◆ Work task
Extract precisely the lines that run from the line containing "Hap Stap Festival Bovendonk" to the end of the records below, with both ends included and pictures omitted.

*** Opening of Records for processing ***

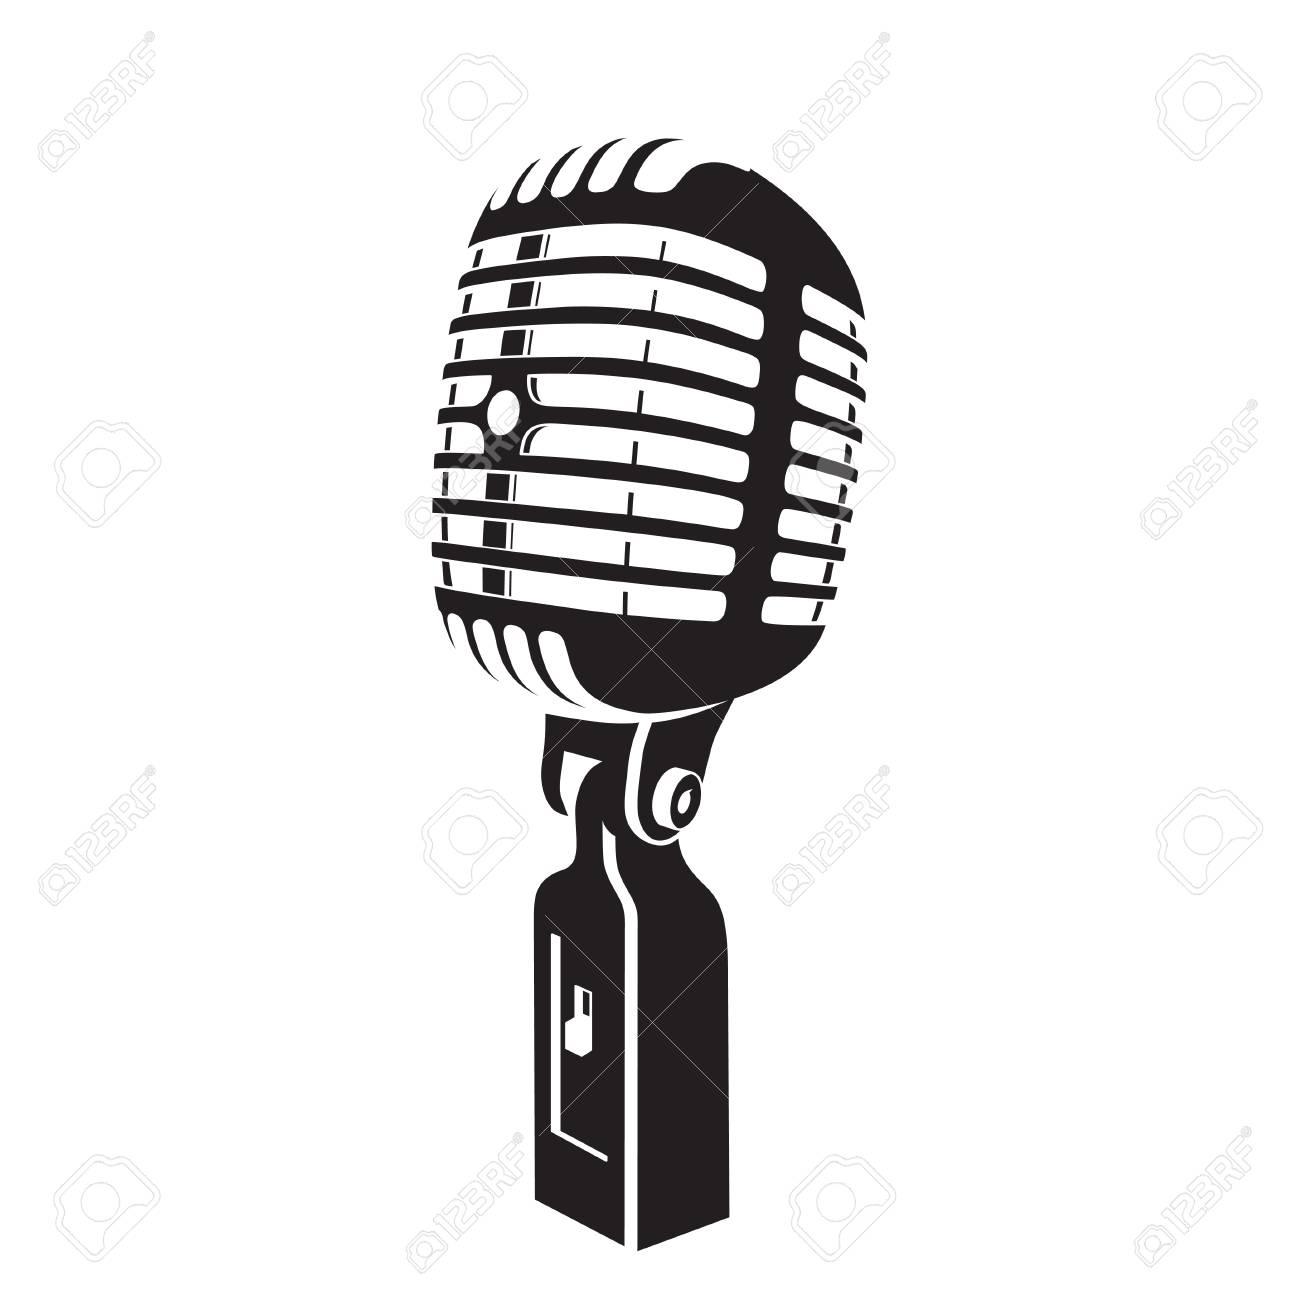 Retro Microphone Tattoo by Metacharis on deviantART | Microphone tattoo, Old  school tattoo, Music tattoos
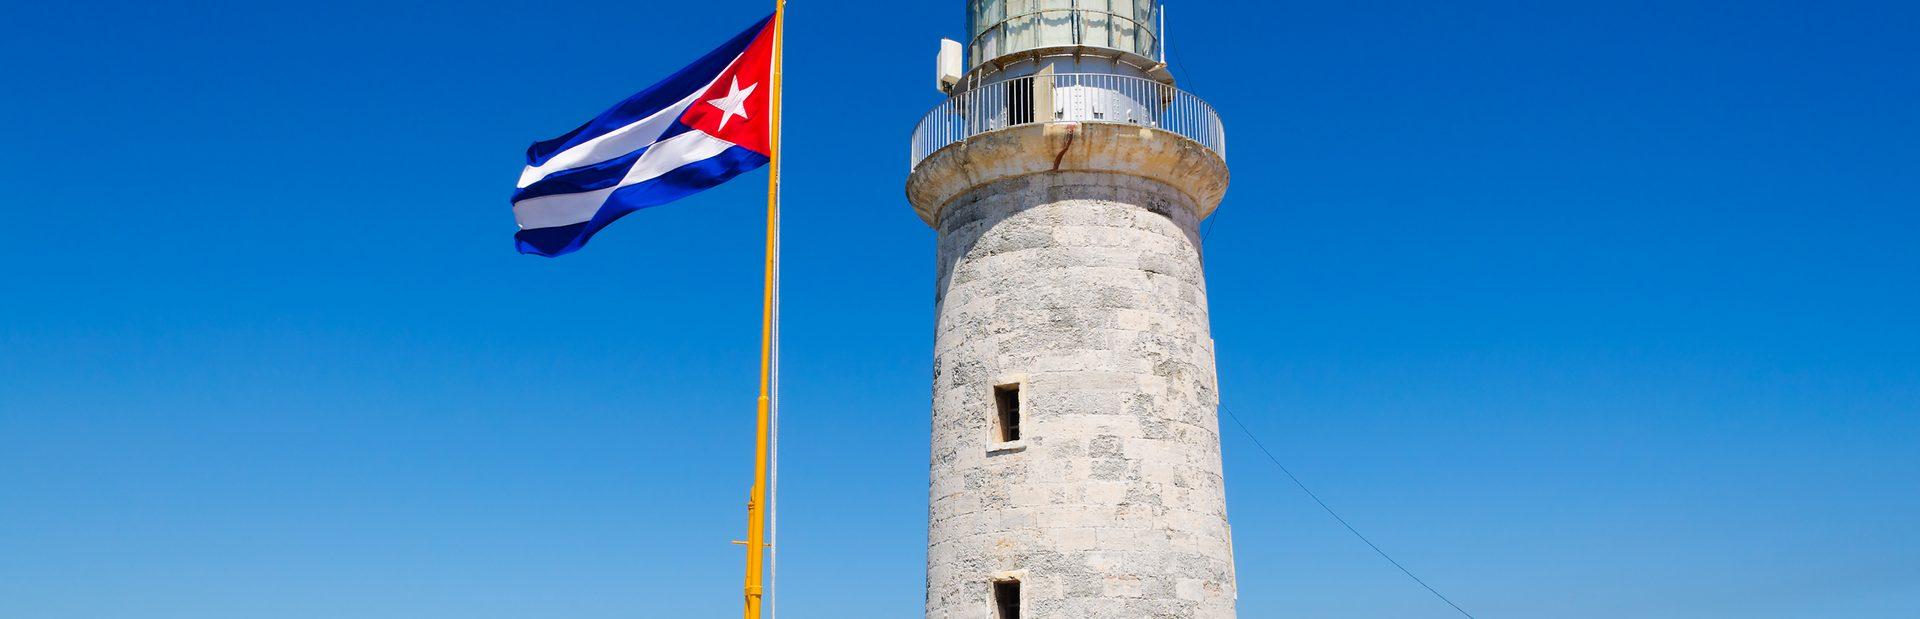 Waving Cuba flag next to the el Morro lighthouse
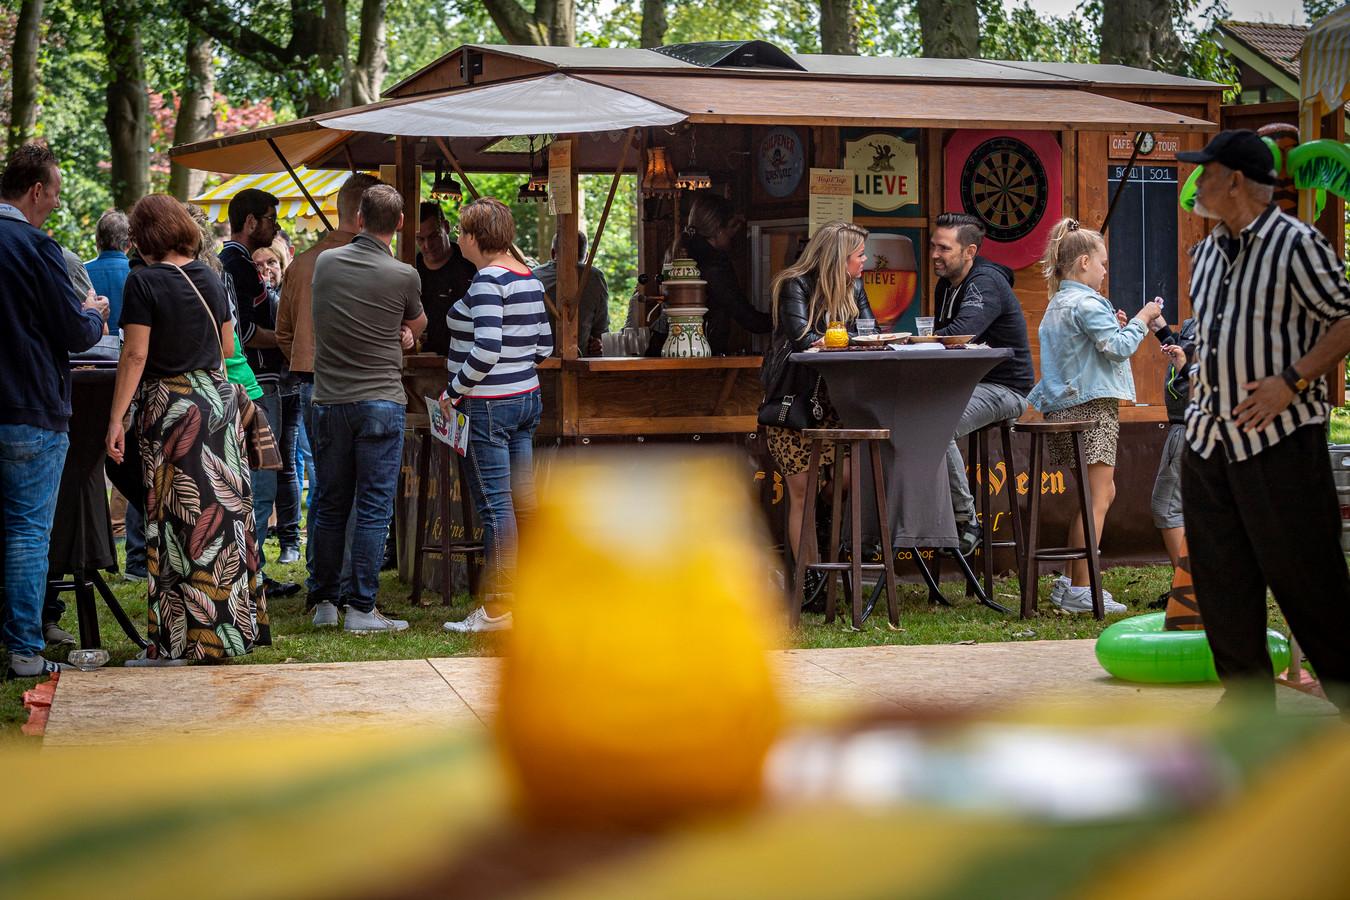 Hap Stap Festival Bovendonk
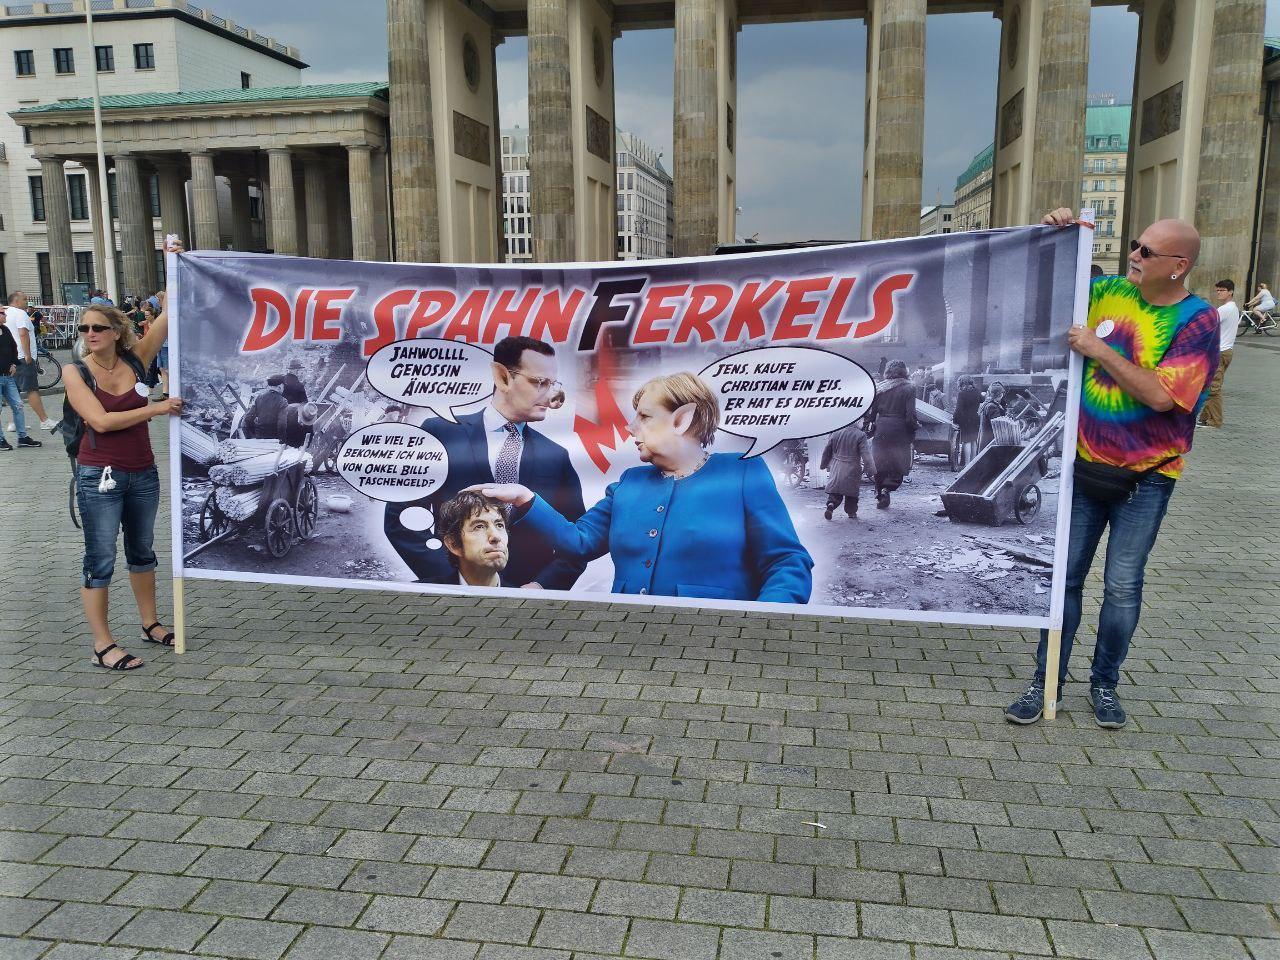 Plakat Demonstration in Berlin
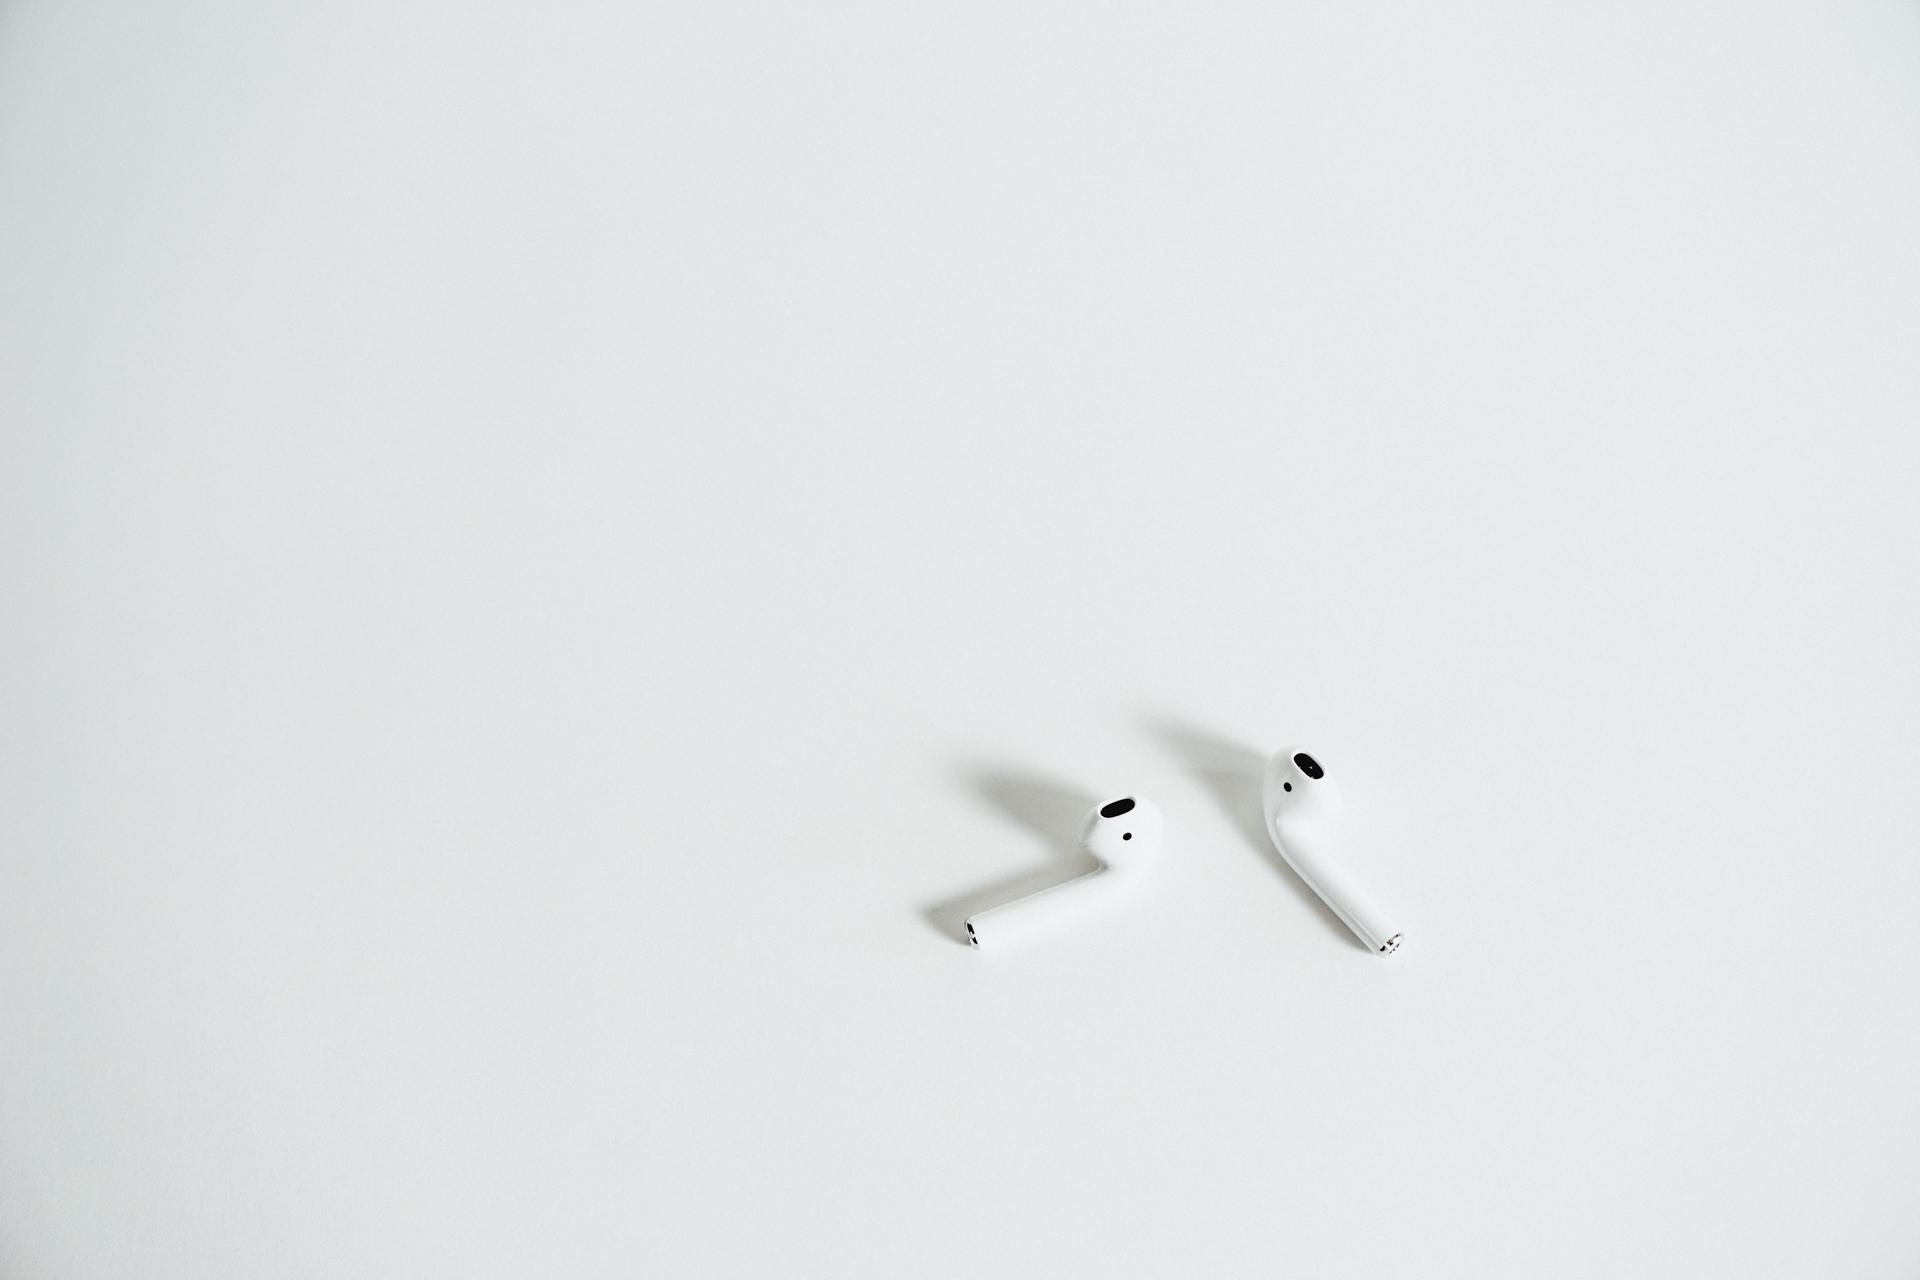 Apple-AirPods-10.jpg

*** Close of Records for processing ***

◆ Solution below
 Hap Stap Festival Bovendonk
 Plakat Demonstration in Berlin
 Apple-AirPods-10.jpg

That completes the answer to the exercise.